WORK REQUEST: Everything in the data below except the pictures must be repeated word for word.

DATASET SECTION:
══════════════════════════════

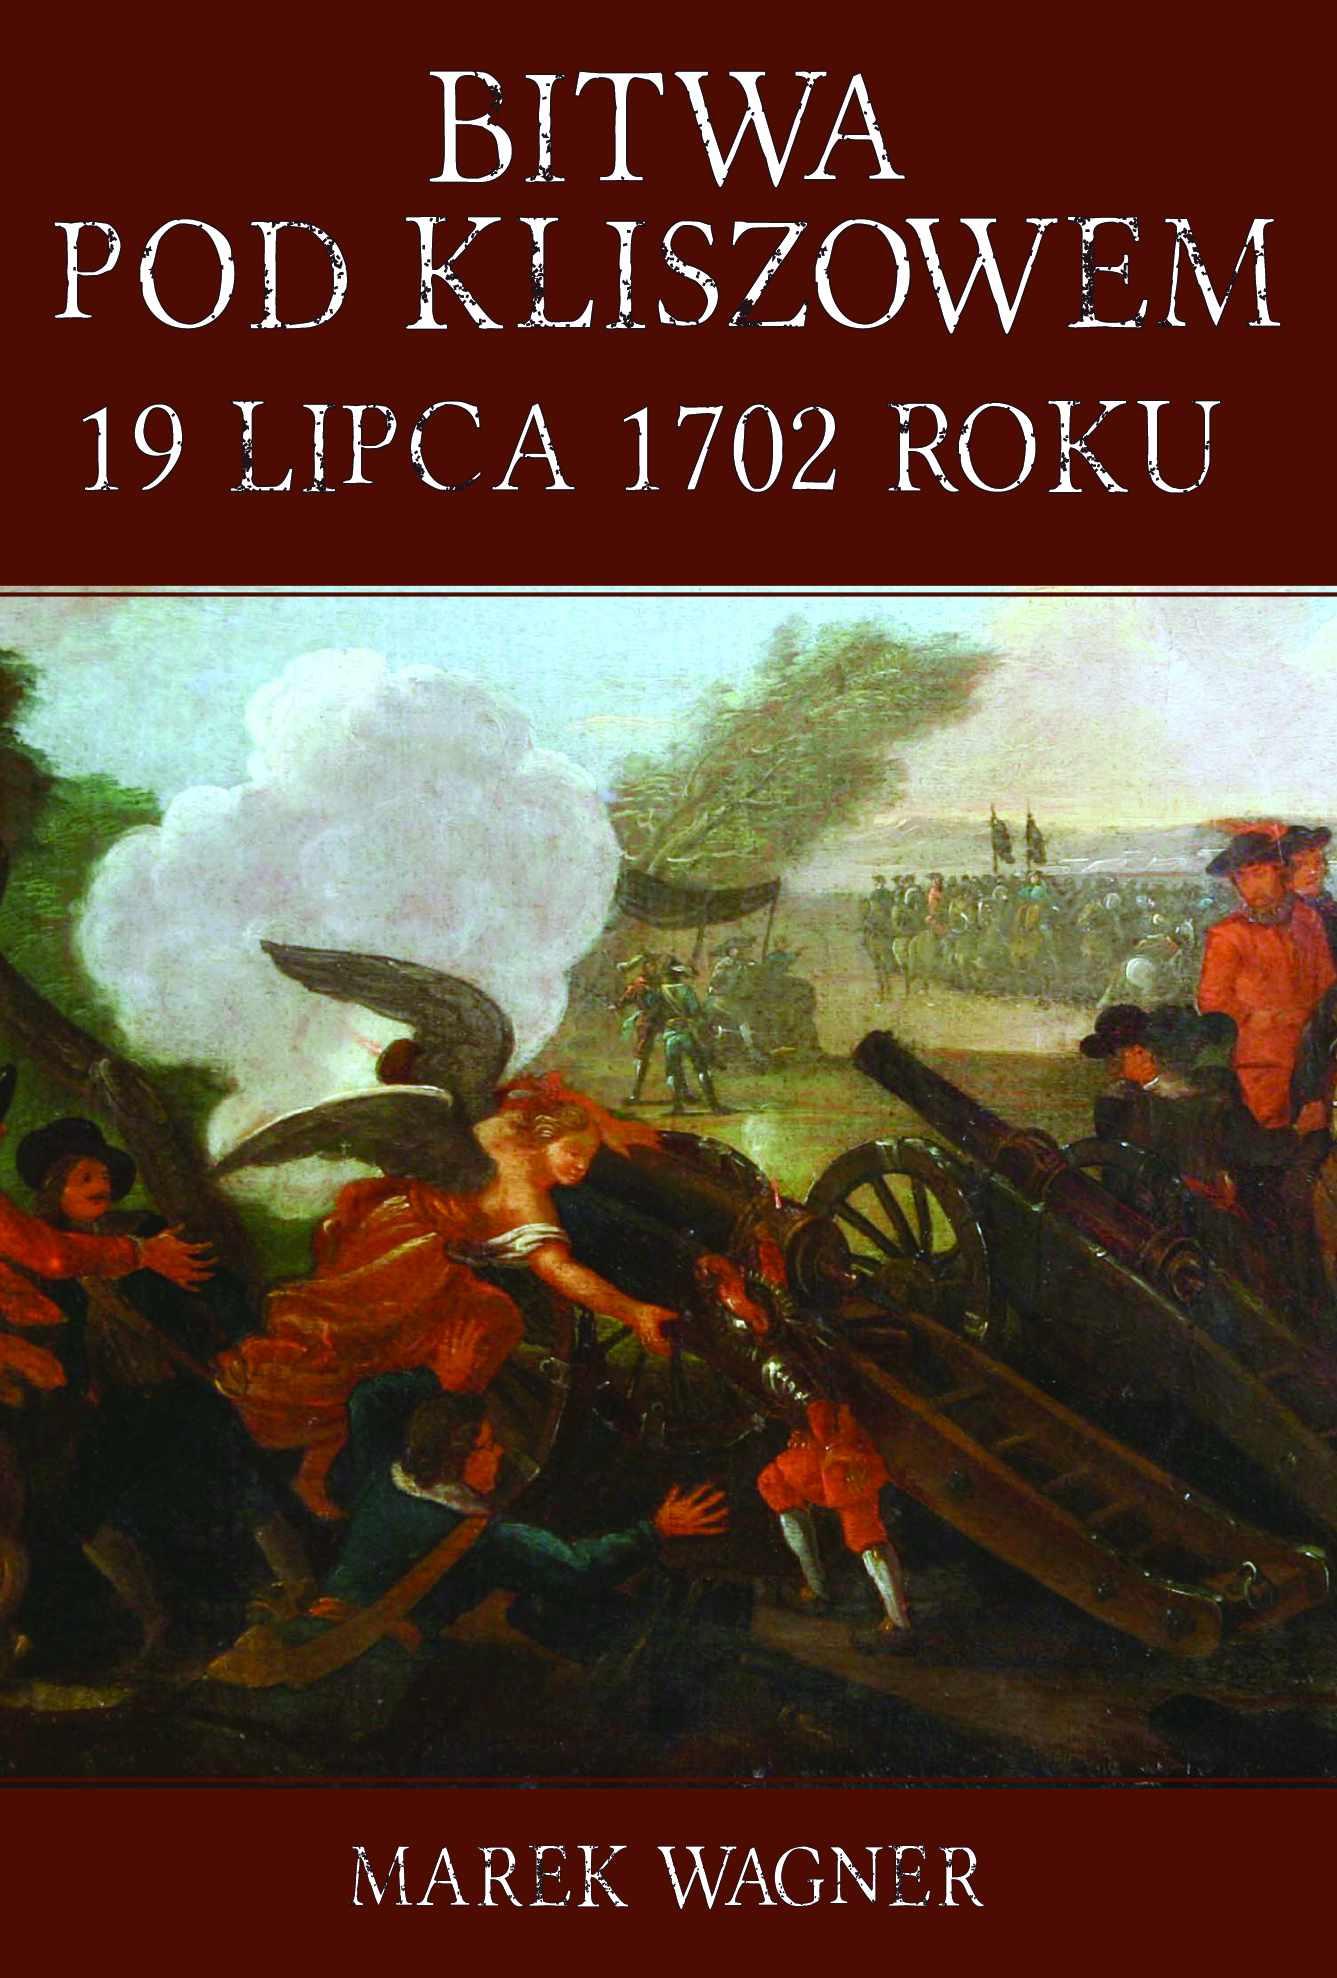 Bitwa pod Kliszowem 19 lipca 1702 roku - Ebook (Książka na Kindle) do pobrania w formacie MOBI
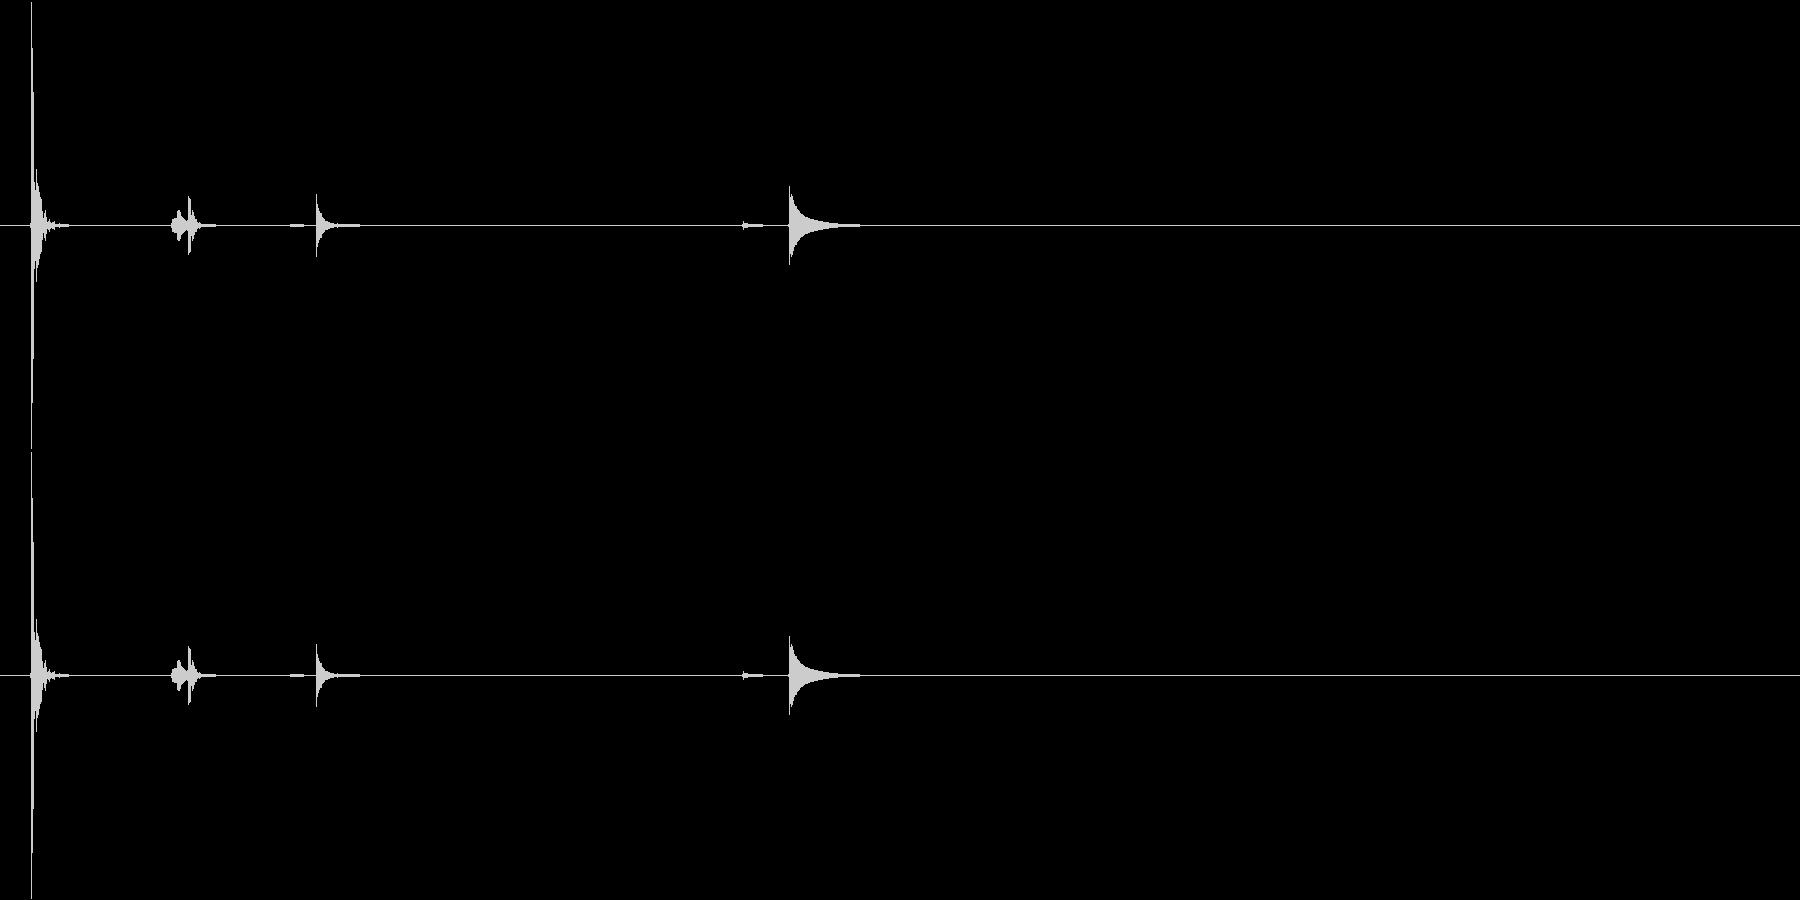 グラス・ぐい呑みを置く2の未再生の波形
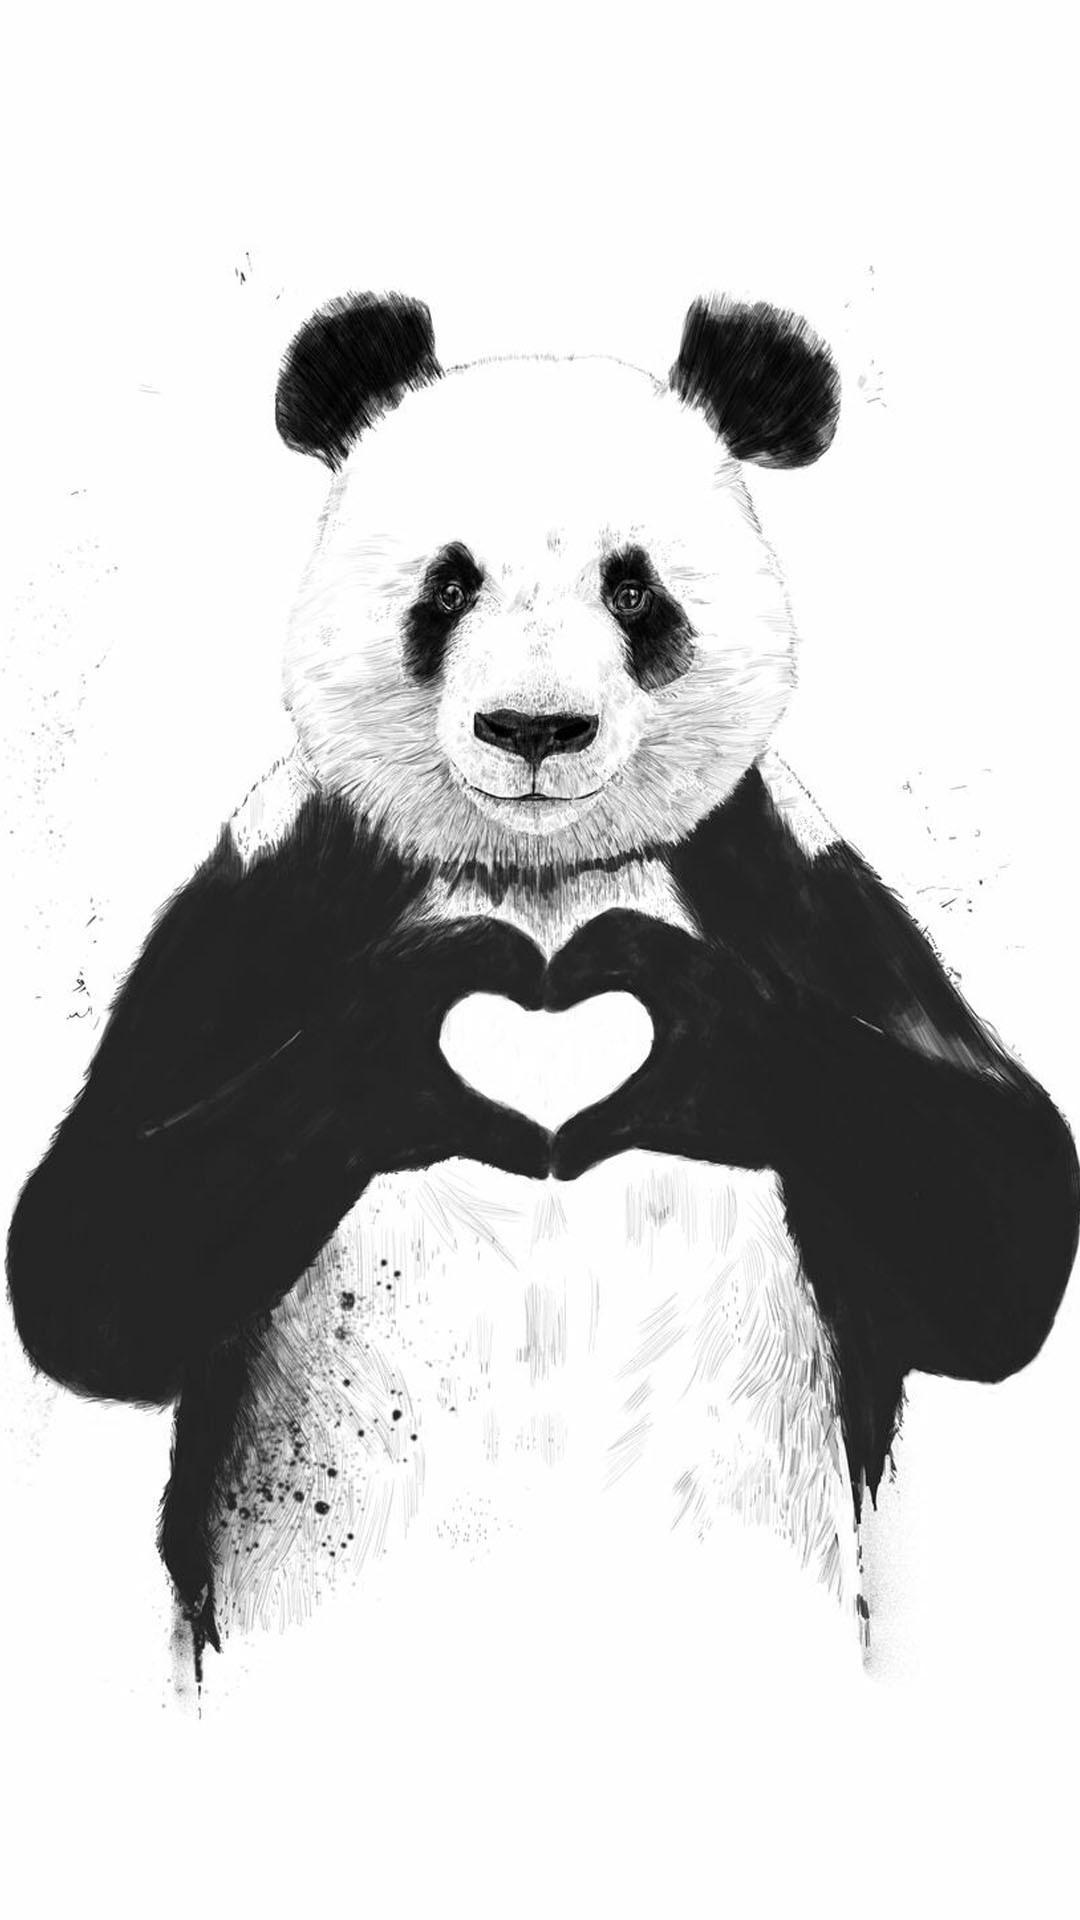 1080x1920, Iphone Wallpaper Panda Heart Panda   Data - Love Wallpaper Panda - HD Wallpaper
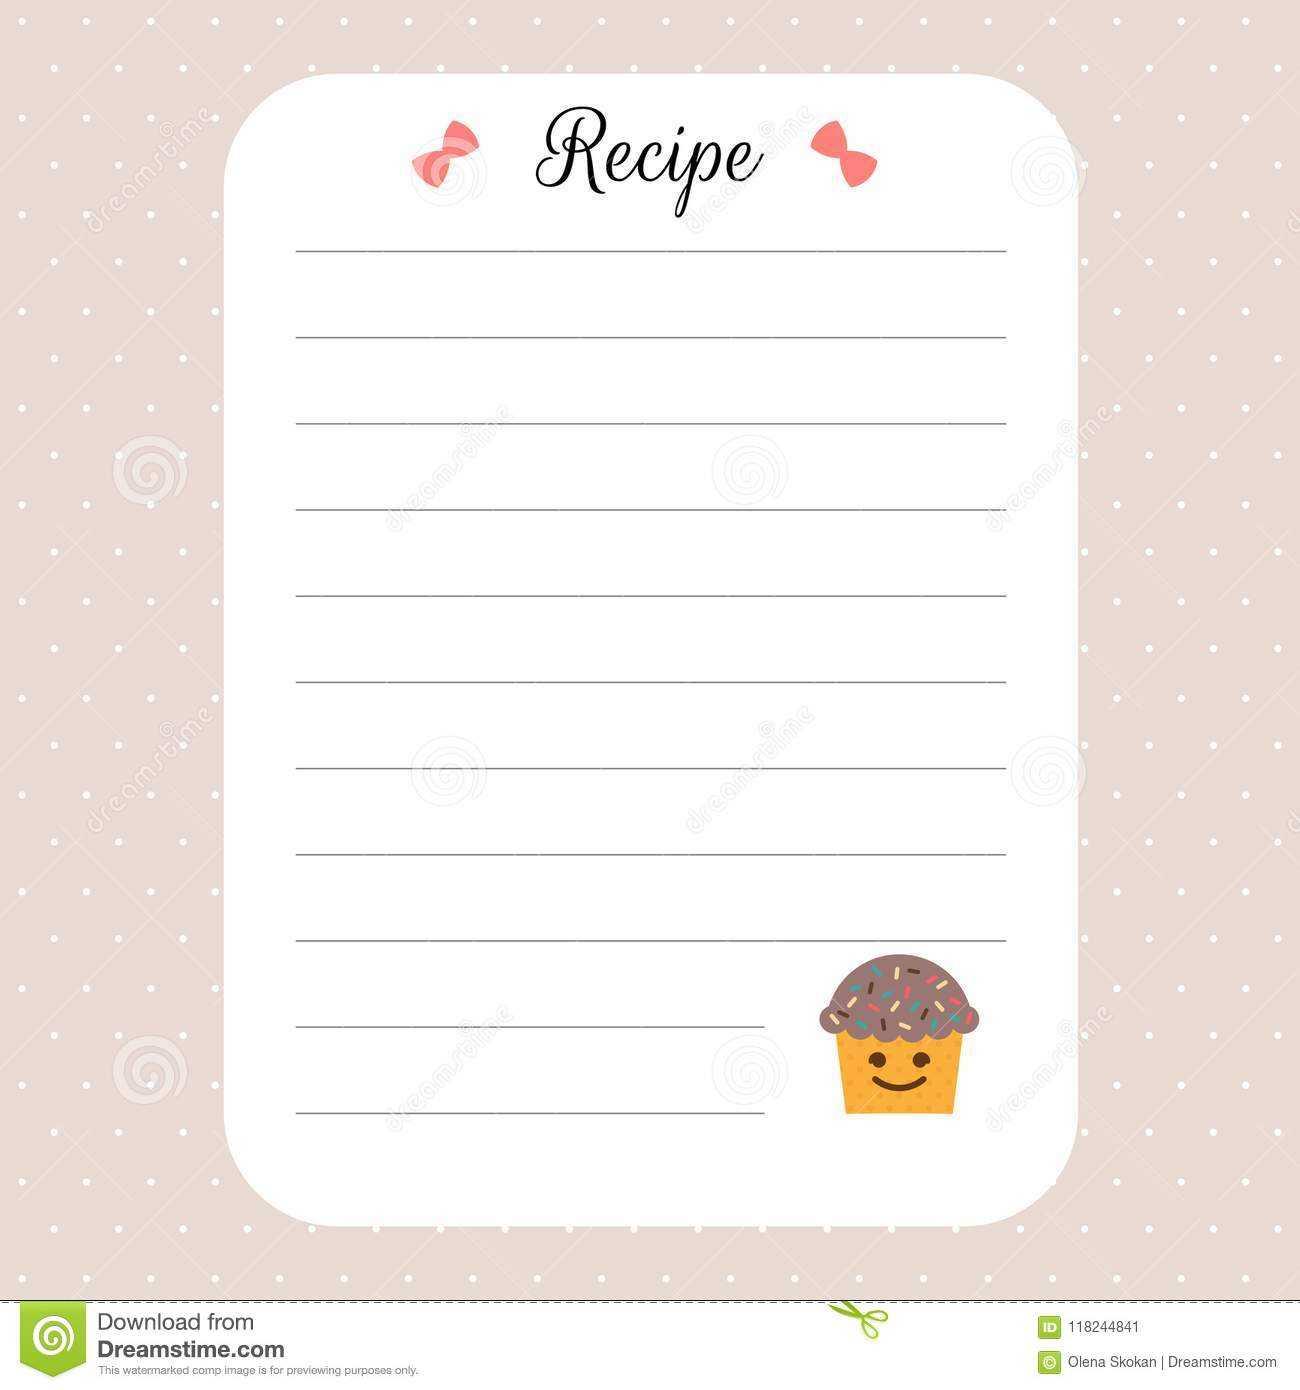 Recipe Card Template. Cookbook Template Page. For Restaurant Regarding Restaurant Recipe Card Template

══════════════════════════════

RESPONSE BOX:
 Bitwa pod Kliszowem 19 lipca 1702 roku - Ebook (Książka na Kindle) do pobrania w formacie MOBI
 グラス・ぐい呑みを置く2の未再生の波形
 1080x1920, Iphone Wallpaper Panda Heart Panda   Data - Love Wallpaper Panda - HD Wallpaper
 Recipe Card Template. Cookbook Template Page. For Restaurant Regarding Restaurant Recipe Card Template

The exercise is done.